Sunday, 16 March 2008

No tax cuts but let's promote the family-verdict on the Tories Spring Conference

As the Tory spring conference comes to an end in the North East,Philip Hammond, the shadow Treasury chief secretary is inteviewed by the Sunday Telegraph and rules out any wholesale tax cuts in a next Tory Administration.

"When the money's piled up in the pot, then you give it away in tax cuts. It only makes sense to look at this over an economic cycle. You can't look at it in a single year, or even necessarily in a four-year parliament


His comments re affirm pledges made by both David Cameron and George Osbourne over the weekend and again in an inteview with William Hague on this morning's Andrew Marr programme.

Iain Martin is a little to say the least disappointed pointing out

It took Britain just six years to win the Second World War. The lack of ambition on this subject is breathtaking.
There will be many a Tory activist, and more than a few members of the shadow cabinet, reading Hammond's words on tax and getting very angry


Generally though the spring conference seems to have gone well.The big theme was the family,Cameron following uo his appearance on ITN with a speach in which he affirms

My ambition is to make Britain more family-friendly. To make our country a better place to bring up children. Not just because it's the right thing to do, not just because my family is the most important thing in my life, but because families should be the most important thing in our country's life.


Something that will go down down in the Blue rinse brigade.

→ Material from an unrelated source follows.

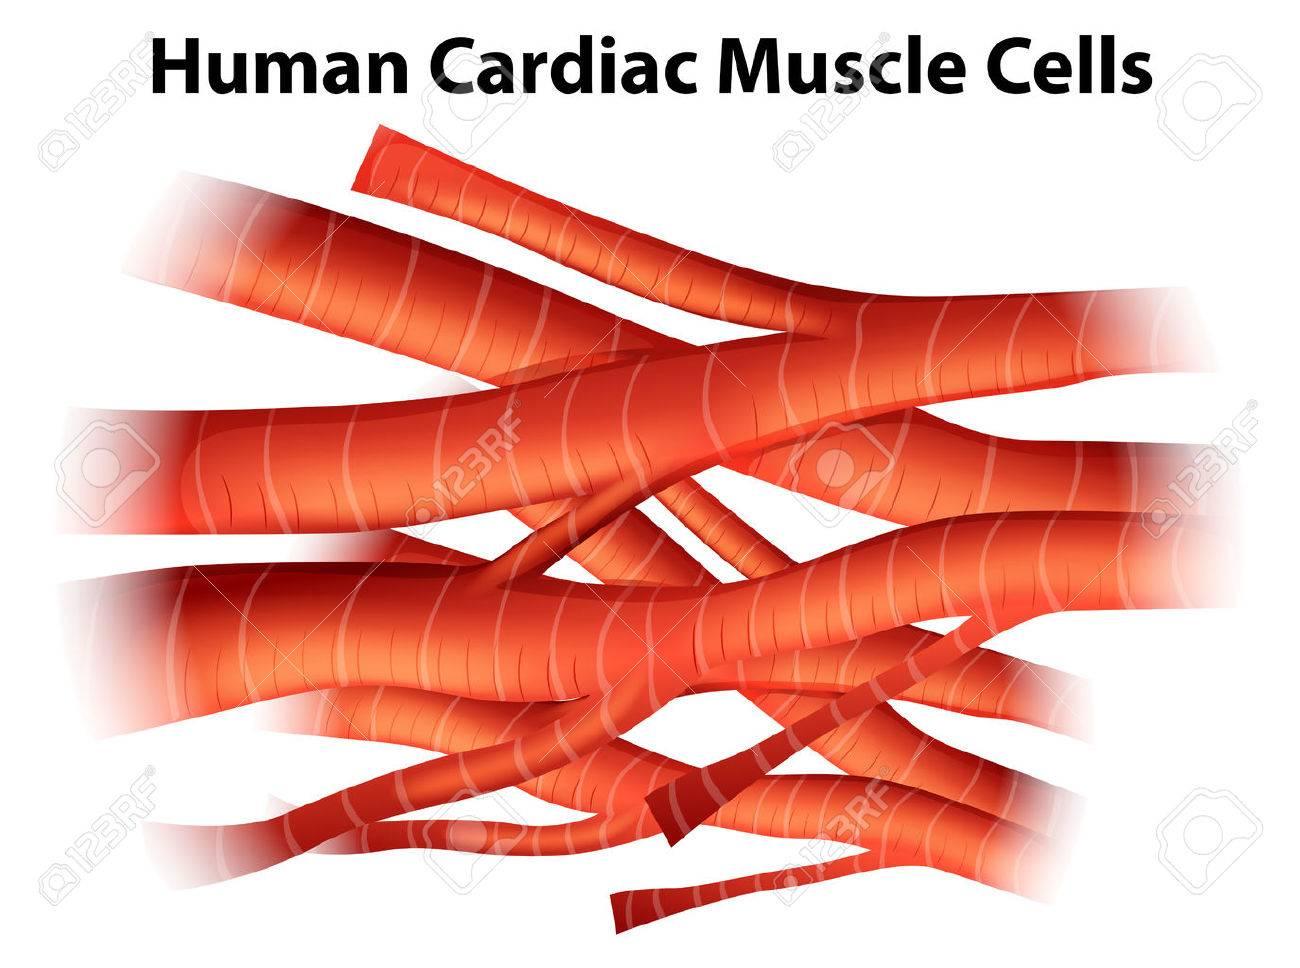 Ilustración De Las Células Musculares Cardíacas Humanas Sobre Un ...

Although not in all quarters,

I'm not convinced about David Cameron's "family friendly" agenda that dominated his speech at the end of the conference.
Obviously he thinks it's a vote winner. But I thought it was rather odd that the Tory leader promised to spend £200 million on recruiting more health visitors and at the same time told his party they would have to get used to saying no more often than yes to spending pledges.
says Jon Craig

And over at the Sindy Cole Morton asks whether Cameron will regret placing tots in the frontline?

As he points out

Gordon Brown wouldn't feel comfortable with any of it. Both as a politician and a man he seems to have benefited enormously from having a wife and two children – although there has been suffering too, in the death of their first-born, Jennifer. Mr Brown has a son with cystic fibrosis but he has never allowed his family to be filmed or photographed, except for official portraits.